Паустовский. Растворивший время — страница 56 из 81

.

Из чуть более позднего письма от 3 сентября этого же года:

«И вся обстановка Москвы, московской литературной и прочей жизни, что врывается сюда с газетами и новыми приезжающими, меня пугает и мешает работать, – опускаются руки. Мучительно перебираю в памяти, что ещё осталось и о чём можно писать, и временами кажется, что уже ничего не осталось. <…> Начал “доделывать” мхатовскую пьесу, эта портновская перелицовка меня злит и всё подмывает бросить эту работу. Надо дотягивать»{266}.

В письме от 8 января 1945 года писателю Евгению Горбову в город Елец Паустовский, делая отзыв на его повесть «Куриная слепота», в адрес «шаблонной» литературы написал следующее:

«Я не хотел бы давать Вам никаких советов, кроме одного – не ломайте своих вещей в угоду людям, старающимся втянуть их в “благополучный” шаблон»{267}.

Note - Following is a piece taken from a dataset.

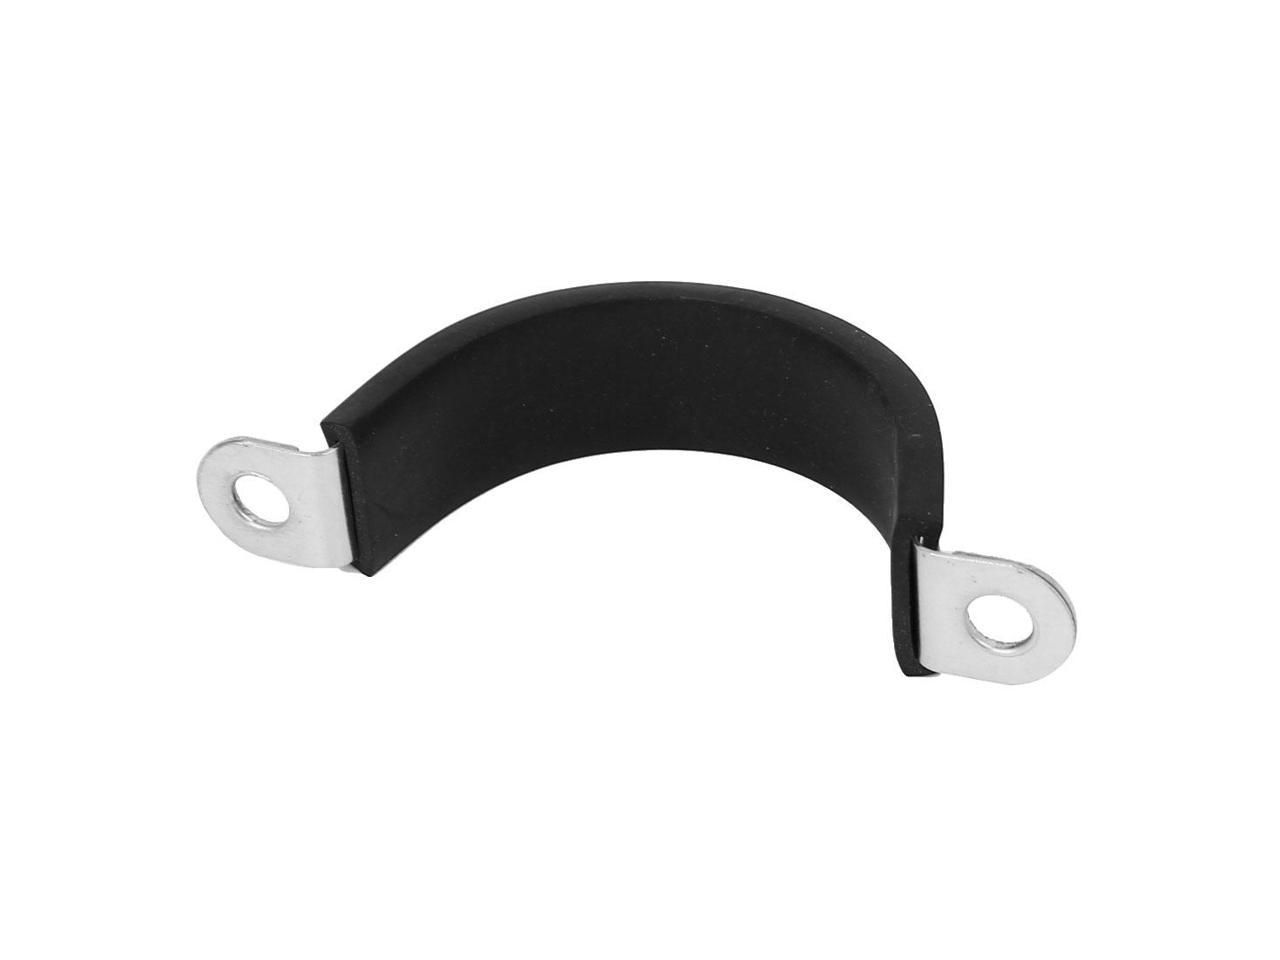 38mm U Clips EPDM Rubber Lined Mounting Brackets 5pcs for Pipe Tube Cable

Осенью 1948 года страну накрыла борьба с «космополитизмом». В первую очередь эти проработки коснулись сферы культуры, где литература занимала одно из главенствующих положений. В разряд «космополитов» были записаны видные литераторы и филологи, учёные-лингвисты с мировым именем, для которых понятия культуры, литературы, не признающие языковых и государственных барьеров, было во главе угла. Созданные «суды чести» борцов с «космополитами» выводили «на чистую воду» всех тех, кто так или иначе «стирал» культурой, а вместе с ней и литературой государственное пространство.

Борьба с «космополитами» достигла такого масштаба, что под проработку попал и Еврейский антифашистский комитет, созданный в СССР в самом начале войны, в 1942 году. В комитете имели членство Илья Эренбург, Самуил Маршак, Пётр Капица, Соломон Михоэлс, Исаак Фефер и многие другие видные представители не только отечественной культуры, но и науки, и военного дела. Большинство членов комитета были обвинены в «национализме» и «американском шпионаже» со всеми вытекающими из этого обвинения последствиями. Для некоторых из них эта травля закончилась убийством «без суда и следствия», как для Михоэлса, а для кого-то – арестом с последующей лагерной ссылкой.

Возможно, что вся эта грустная комедия с «космополитизмом», похожая на поиск чёрной кошки в тёмной комнате, ещё бы долго продолжалась, но смерть Сталина остановила эту вакханалию, и время «обернуло» свой «взгляд» уже на тех, кто ещё совсем недавно вершил судьбы «космополитов».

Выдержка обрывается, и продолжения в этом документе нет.